## Supplied data
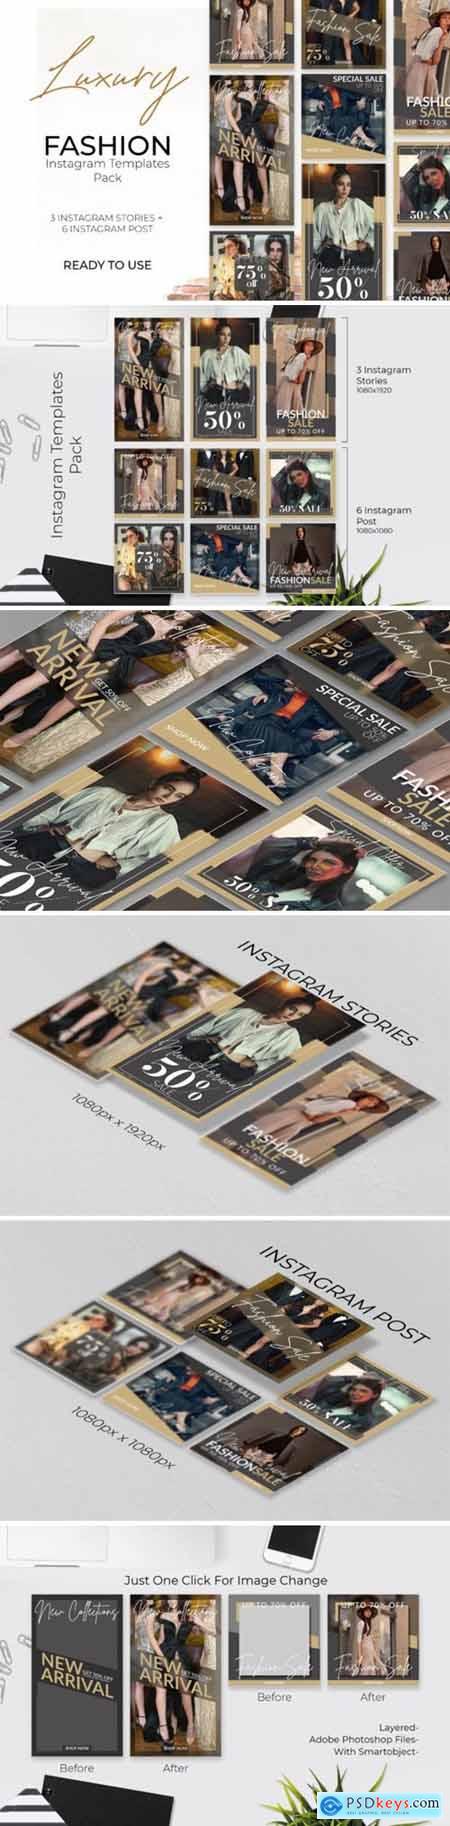 Instagram Post & Stories Template Pack 1684629
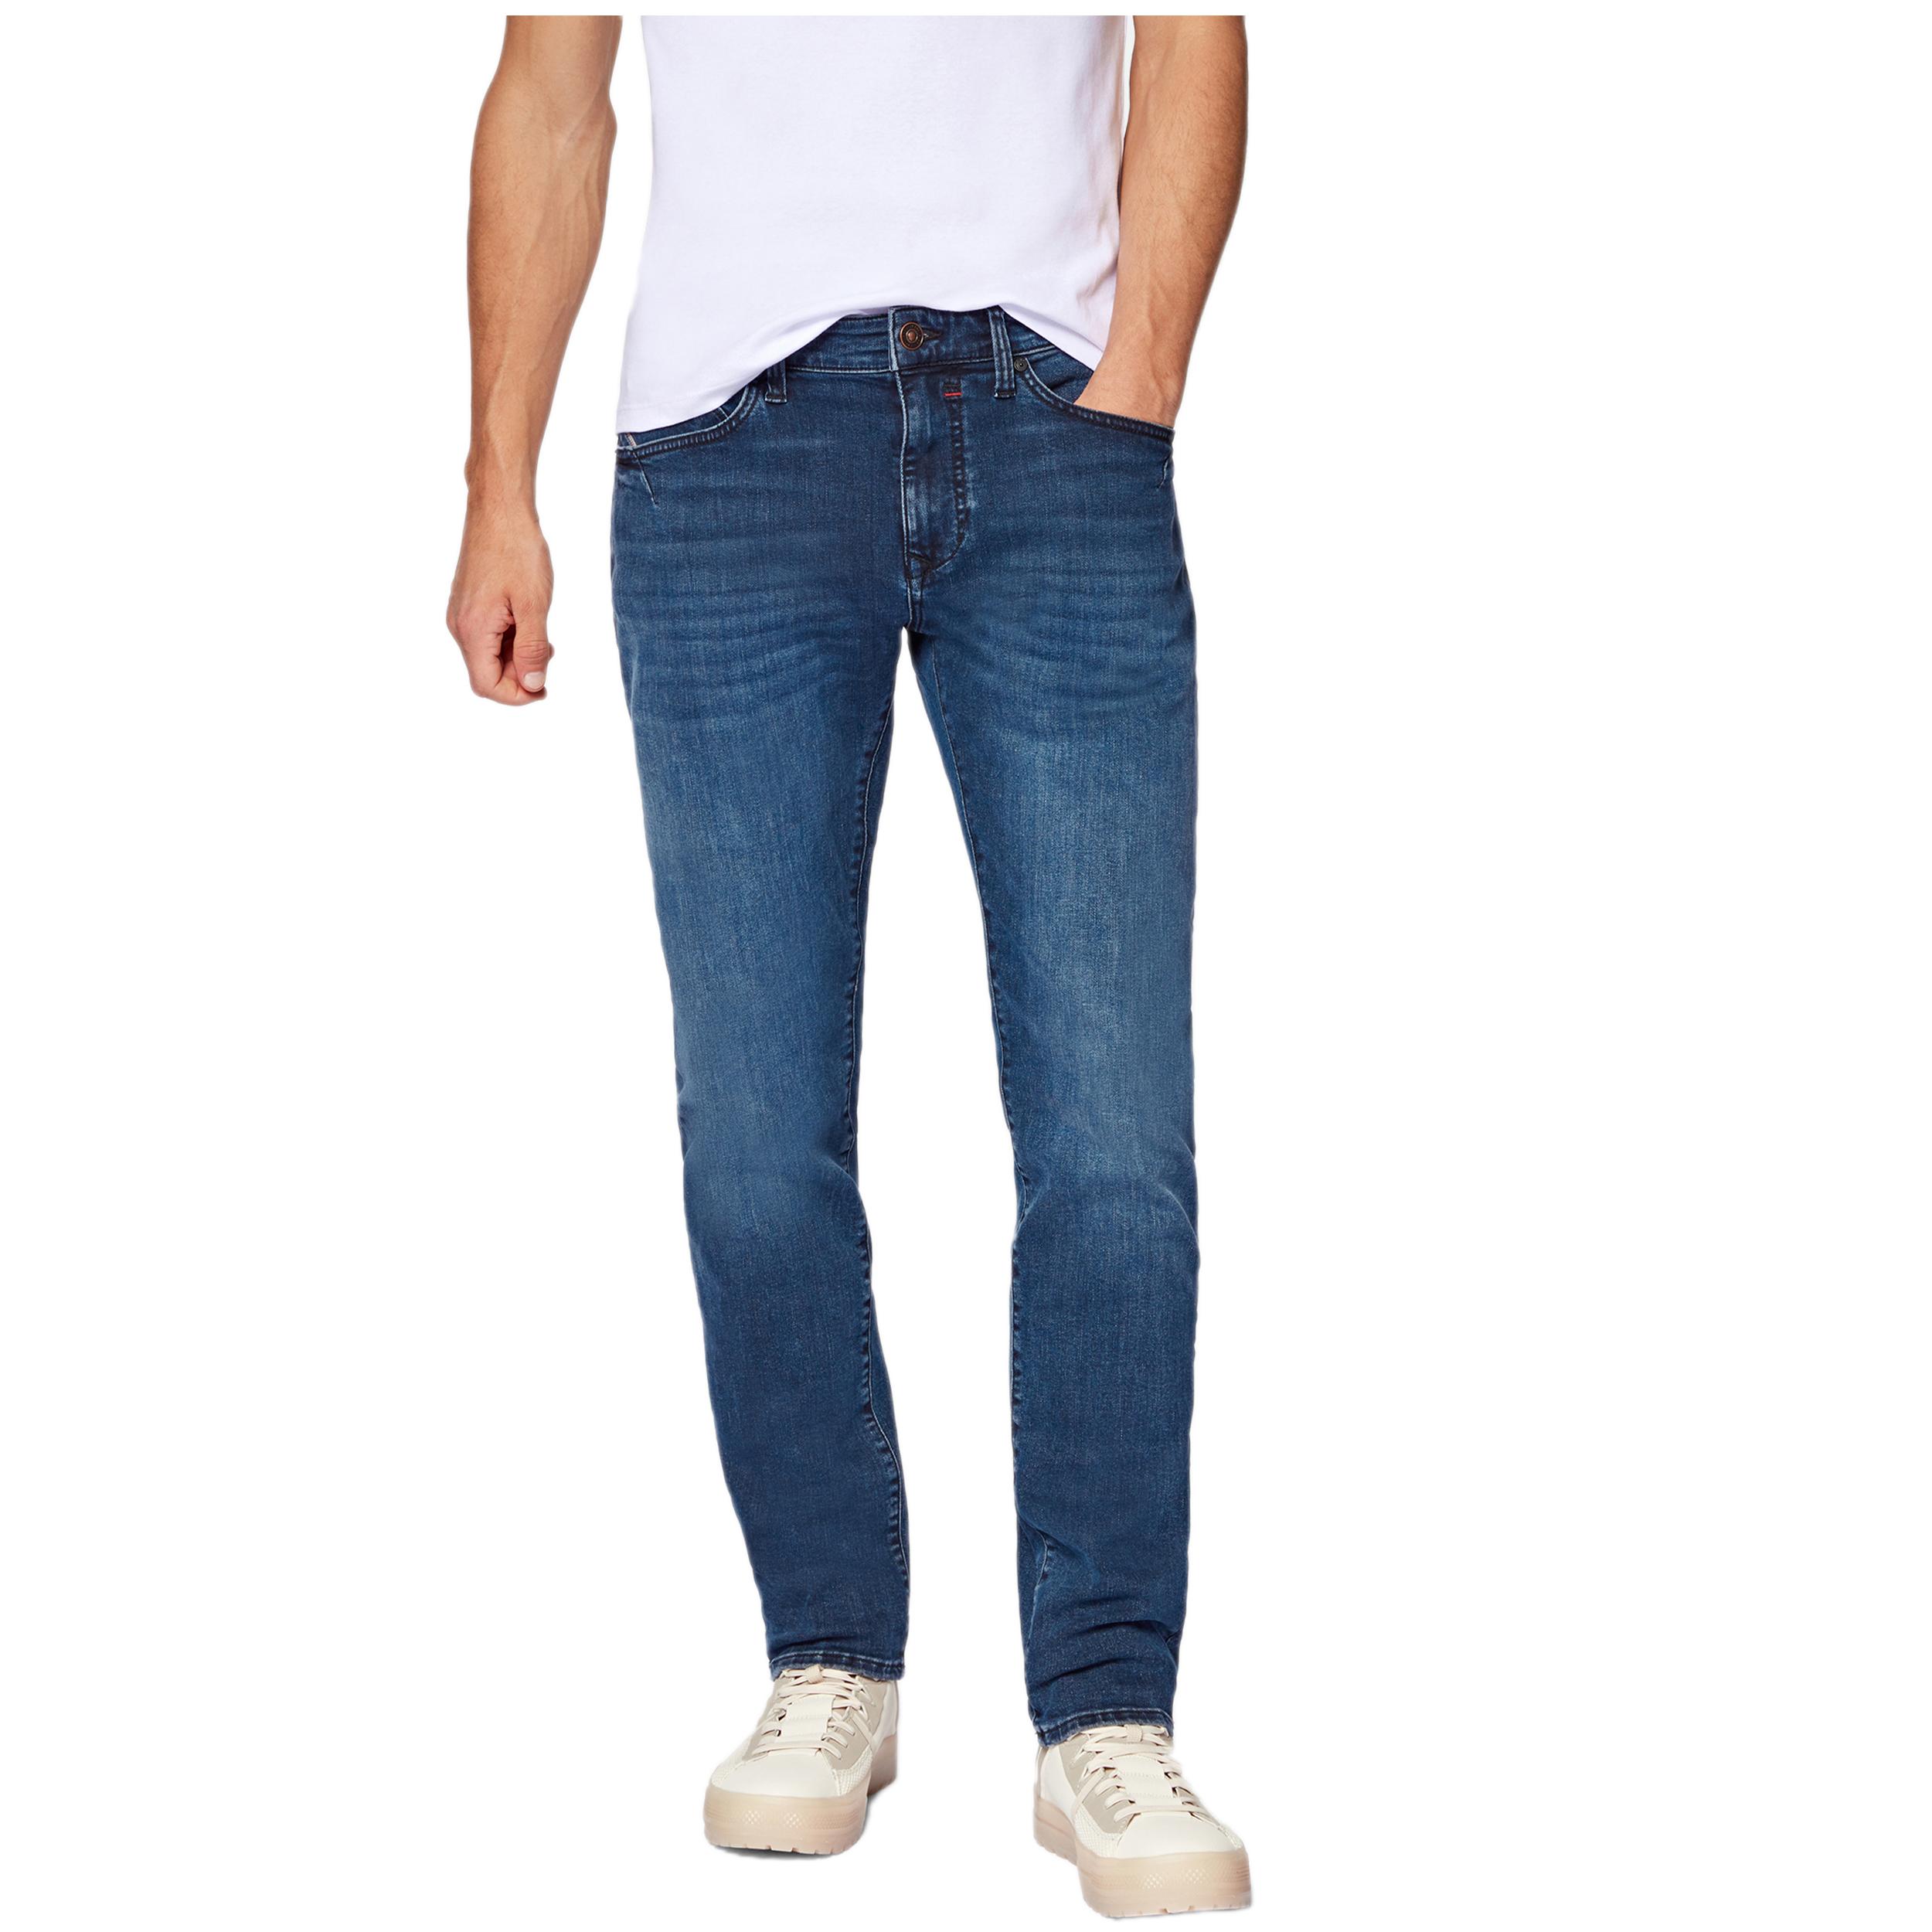 Mavi Herren Jeans Yves ultra move - ink brushed 30/32
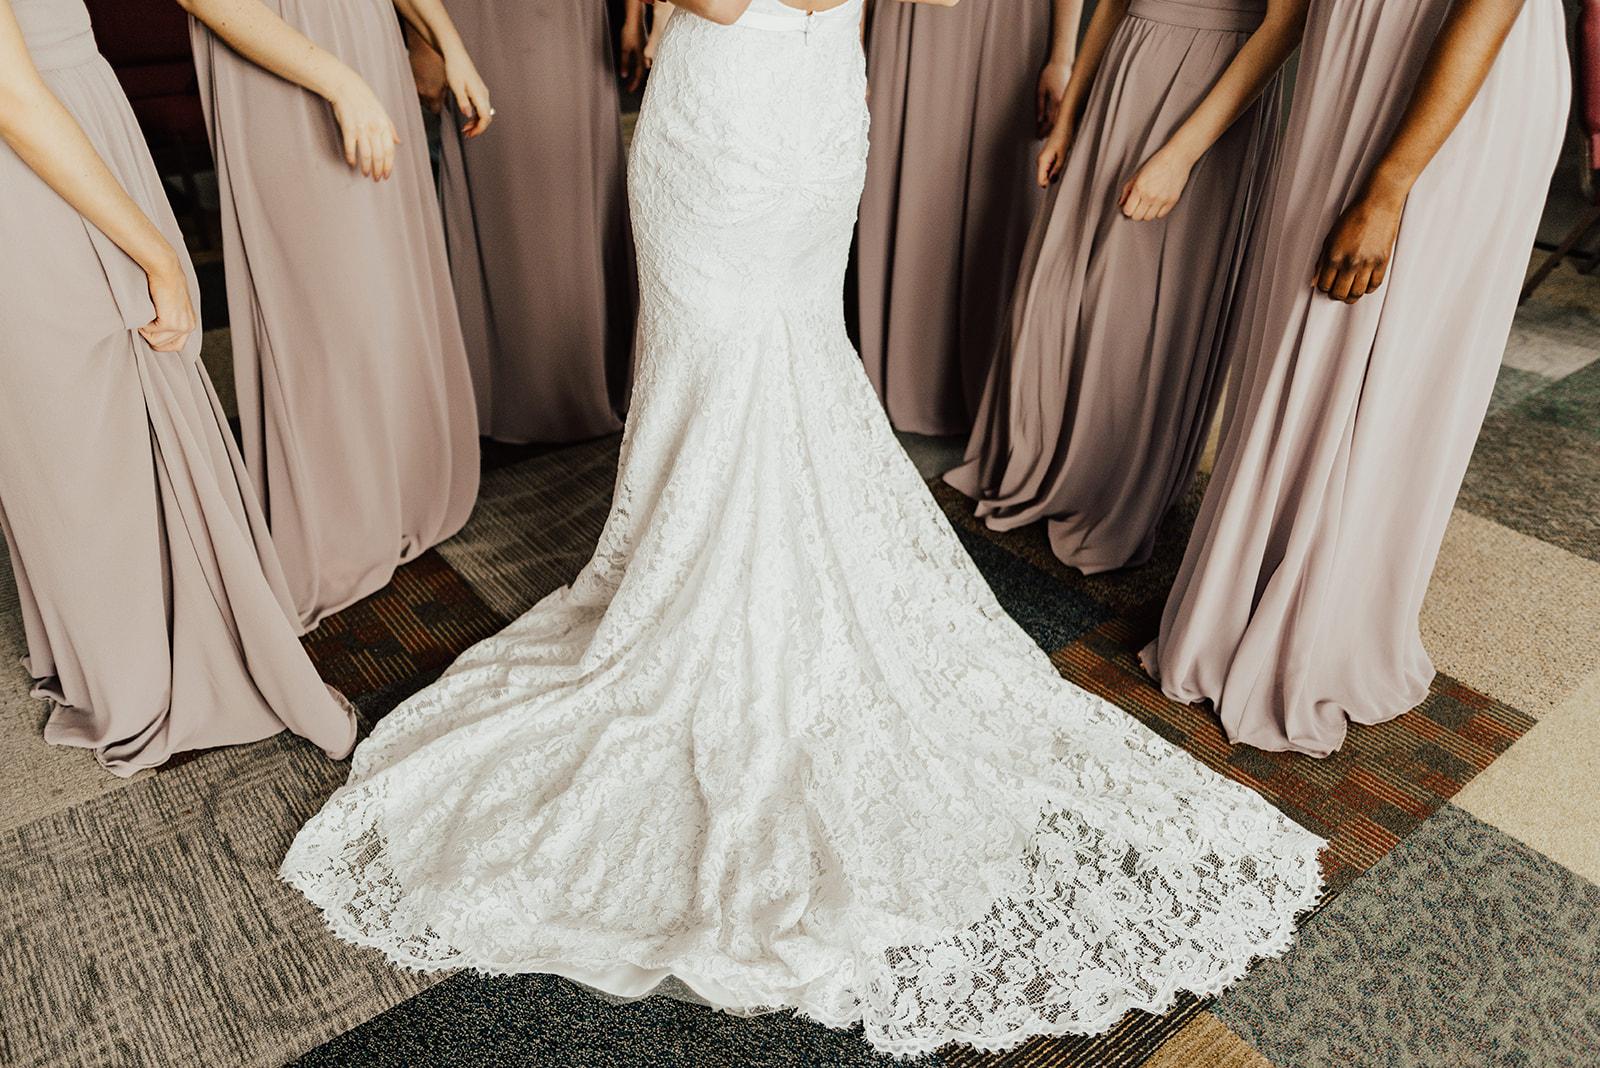 Lis Simon Bridesmaids Dresses

## What to produce
Copy the listing character for character, pictures omitted.

## Exercise solution
 Instagram Post & Stories Template Pack 1684629
 Mavi Herren Jeans Yves ultra move - ink brushed 30/32
 Lis Simon Bridesmaids Dresses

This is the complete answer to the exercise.